L’importance du jeu interactif et physique qui le détend est également soulignée.

Ouvrir / fermer : jeu fétiche
Jouer à ouvert / fermé, à s’attacher et à se délivrer (et d’autres variantes) n’est pas nouveau. Ce jeu a évolué au cours des séances, et symbolise, et ce qu’il vit, et l’envie (en même temps que l’angoisse) de rejoindre la personne avec qui se déroule la séance – cela semble l’aider à avancer vers la sortie de cet enfermement que l’on appelle autistique.

Moments difficiles pour lui : comme le petit enfant, il oscille entre je suis grand et je suis un bébé. Besoin de câlins, de protection – que l’on peut verbaliser : même s’il s’éloigne (s’il prend sa liberté) reste une présence en mesure de le protéger si besoin.

A l’aide…
A certain(e)s bénévoles, Émile a confié : Il faut me soigner, il y a quelque chose qui ne va pas, Je veux guérir… perçus comme des appels à l’aide, au point de parfois déclencher chez eux (elles) une amorce de désarroi, d’autant que le chemin vers une renaissance, parcouru avec lui depuis deux ans justifie que cette confidence puisse les toucher profondément.

Il lui arrive aussi d’exprimer une prise de conscience de sa différence, par exemple, qu’il n’a pas la vie d’un enfant normal de 8 ans qui va à l’école (ce que l’on peut considérer comme une première étape vers l’envie de rejoindre les autres enfants).

Il est bien sûr possible de l'assurer en retour du plaisir à venir jouer avec lui, de la fierté et de la joie face à ses progrès, du soutien apporté aux efforts qu’il fait pour s’en sortir. Pouvoir aussi lui dire – comme à tout enfant – qu’il y a des questions auxquelles on ne sait pas répondre, mais qu’il peut en parler à son psychothérapeute.

On rejoint ici ce qui, à mon sens, fait de cette réunion une étape particulièrement intéressante. Moment programmé de rencontre, essentiellement entre les bénévoles, ladite réunion met en commun ce qu’ils ont fait, ressenti, et comment ils ont réagi. Peu à peu, on a vu apparaître à ces réunions les maîtresses, et l’emploi du temps se partager entre le versant ludique et celui des apprentissages (auxquels une salle particulière est désormais réservée). Cette transition annoncée semble avoir bénéficié d’un bon accueil.

En revanche, l’évocation des intervenants plus spécialisés (ex. : psychothérapeute) dont on connaissait depuis les tout débuts l’existence (mention comme fonction, pas leur nom, dans l’emploi du temps distribué à chacun, mais qui ne participent pas aux réunions mensuelles), ne semble faire surface que maintenant.
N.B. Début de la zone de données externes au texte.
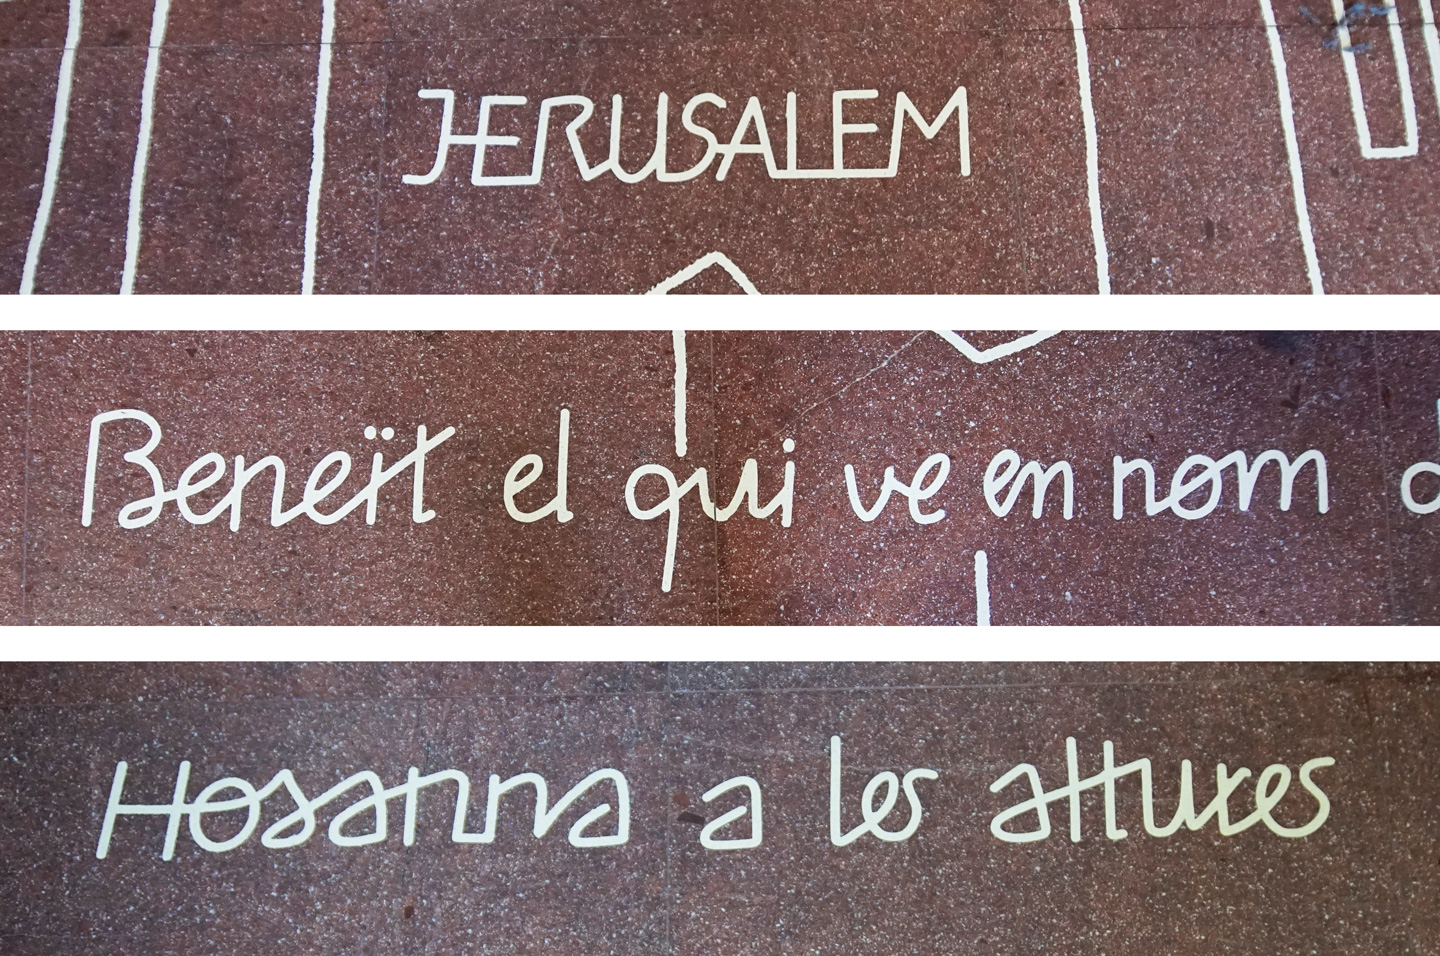 Another angular script on the floor of Sagrada Famíla

C'est-à-dire au moment où Émile commence à explorer plus sérieusement les différentes facettes de sa relation à autrui.

Cette prise de conscience groupale ne manquant pas d’être agrémentée par le fait que certains bénévoles, loin d’être des enfants de chœur dans ce genre d’expertise, ont dû se sentir partagés en raison de leur double casquette et d’une déontologie qu’ils ne souhaitaient pas enfreindre. Ils l’ont, d’une certaine manière, laissé entendre.

Les apprentissages
Émile distingue les séances d’apprentissages de celles, ludiques, avec les bénévoles, et les attend comme telles. Il se comporte un peu plus comme un élève attentif, exprime de moins en moins de refus, prend confiance et accepte d’aller vers ce qui est pour lui difficile (ce qui n'exclut pas une peur de l'échec).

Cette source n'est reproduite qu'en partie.